United States District Court, Eastern District of California
Nov 5, 2024
1:22-cv-00449-SAB (PC) (E.D. Cal. Nov. 5, 2024)

Opinion

1:22-cv-00449-SAB (PC)

11-05-2024

COLTON JAMES ROOD, Plaintiff, v. SECRETARY OF CDCR, et al., Defendants.


ORDER DENYING PLAINTIFF'S MOTION FOR APPOINTMENT OF COUNSEL, WITHOUT PREJUDICE (ECF No. 66)

Plaintiff is proceeding pro se and in forma pauperis in this civil rights action filed pursuant to 42 U.S.C. § 1983.

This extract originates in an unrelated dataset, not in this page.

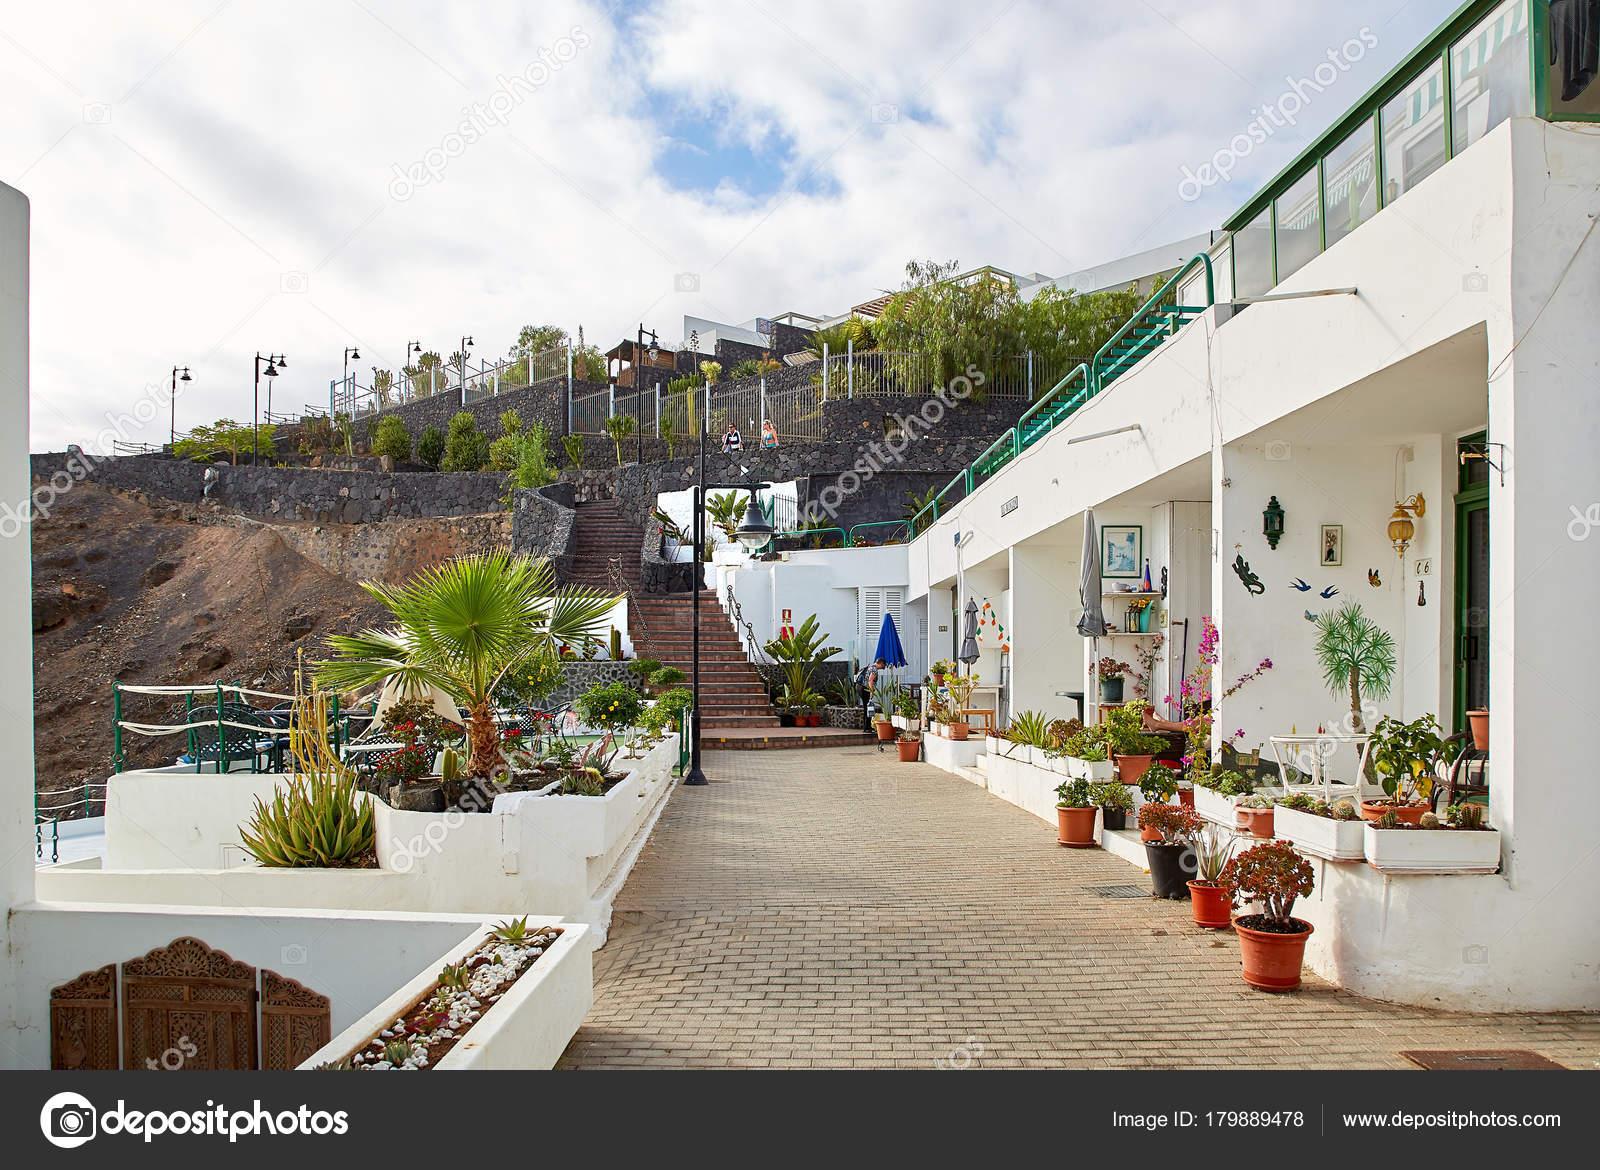 Casas rurales de la ciudad de puerto del carmen en la - Casas rurales en la costa ...

Currently before the Court is Plaintiff's motion for appointment of counsel, filed November 1, 2024. Plaintiff seeks appointment of counsel because of his incarceration, lack of access to legal resources, complexity of the case, merits of the case, upcoming settlement conference and lack of prejudice to Defendants. (ECF No. 66.)

Plaintiff does not have a constitutional right to appointed counsel in this action, Rand v. Rowland, 113 F.3d 1520, 1525 (9th Cir. 1997), and the court cannot require any attorney to represent plaintiff pursuant to 28 U.S.C. § 1915(e)(1). Mallard v. United States District Court for the Southern District of Iowa, 490 U.S. 296, 298 (1989). However, in certain exceptional circumstances the court may request the voluntary assistance of counsel pursuant to section 1915(e)(1). Rand, 113 F.3d at 1525.

Without a reasonable method of securing and compensating counsel, the court will seek volunteer counsel only in the most serious and exceptional cases. In determining whether “exceptional circumstances exist, the district court must evaluate both the likelihood of success on the merits [and] the ability of the [plaintiff] to articulate his claims pro se in light of the complexity of the legal issues involved.” Id. (internal quotation marks and citations omitted).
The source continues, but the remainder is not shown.